Often, the mind replies with a name, a role, a collection of traits or memories. The question barely lingers before the familiar machinery of answers begins to turn.
But what if a question could be held, like a delicate object in the palm, rather than solved or set aside?
Ask again, "Who am I?" This time, let the question linger beyond the reach of answers. Feel its contours. Notice the space it opens within you. Allow it to hover, gently, without seeking to resolve it.
What happens in your body? In the quality of your awareness?
When we grasp for answers, we're trying to close something. We're reaching forward, trying to get somewhere other than here; we want to capture, conclude, nail down.
When we hold a question, something may open. Not-knowing can become a gentle spaciousness, no longer unsettling, no longer wanting to arrive but always arriving.
Can a question become a doorway, quietly open, letting the air move through, welcoming the unknown as a guest?
It is true that sometimes the path of inquiry leads to a discovery of limits. We can encounter uncomfortable emotions, blankness, or confusion. Tarthang Tulku in Visions of Knowledge (p.35) makes such reactions a part of the inquiry:
"If inquiry leads to contradiction and incompleteness, what does this tell us about knowledge? What does it tell us about the way we approach knowledge?"
In the Time, Space, Knowledge vision, genuine inquiry doesn't move from question to answer, like climbing a staircase. Instead, a genuine question itself can become a way of knowing.
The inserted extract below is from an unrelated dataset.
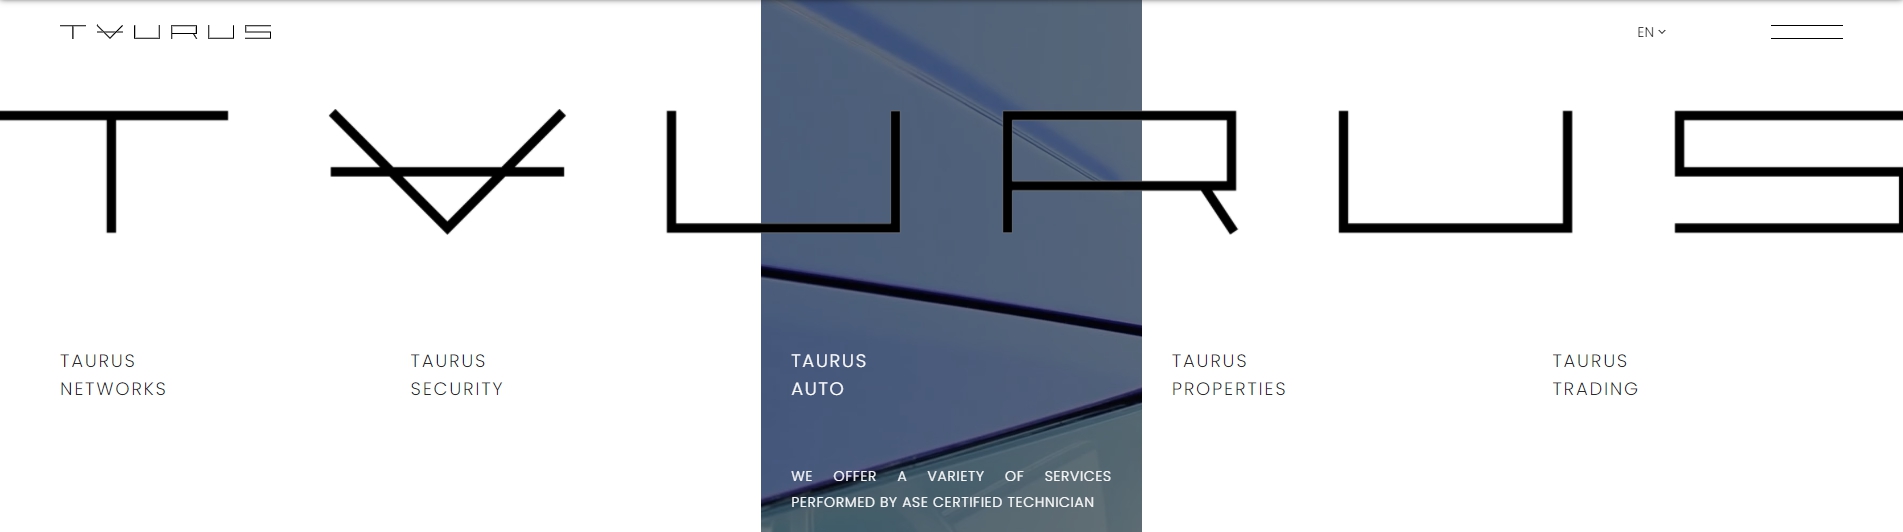 taurus investment group

When we stop demanding that the question resolve into something graspable, it reveals dimensions that answers can't touch.
For instance, held openly, the question, "Who am I?" doesn't lead to "I am this" or "I am that," It can lead to something that is alive, present, multidimensional. This way of facing the unknown can affect how we meet daily life. When we ask "What should I do?" offers an opportunity to embody receptive wisdom rather than anxious deliberation. "Why did this happen?" can become the occasion for genuine curiosity versus a demand for justification, and "Am I doing this right?” can raise interested awareness rather than self-judgment.
The Practice
The beauty is that you can return to this kind of questioning again and again. Choose a question that matters. Then for a couple of minutes breathe with your question. Let it rest in your mind without seeking resolution and help yourself feel the natural rhythm of your breath as an anchor.
The question or the answers may not disappear, but your presence deepens. And in that deepening, something shifts. Not necessarily an answer, but maybe a new way of being with what you don't yet know.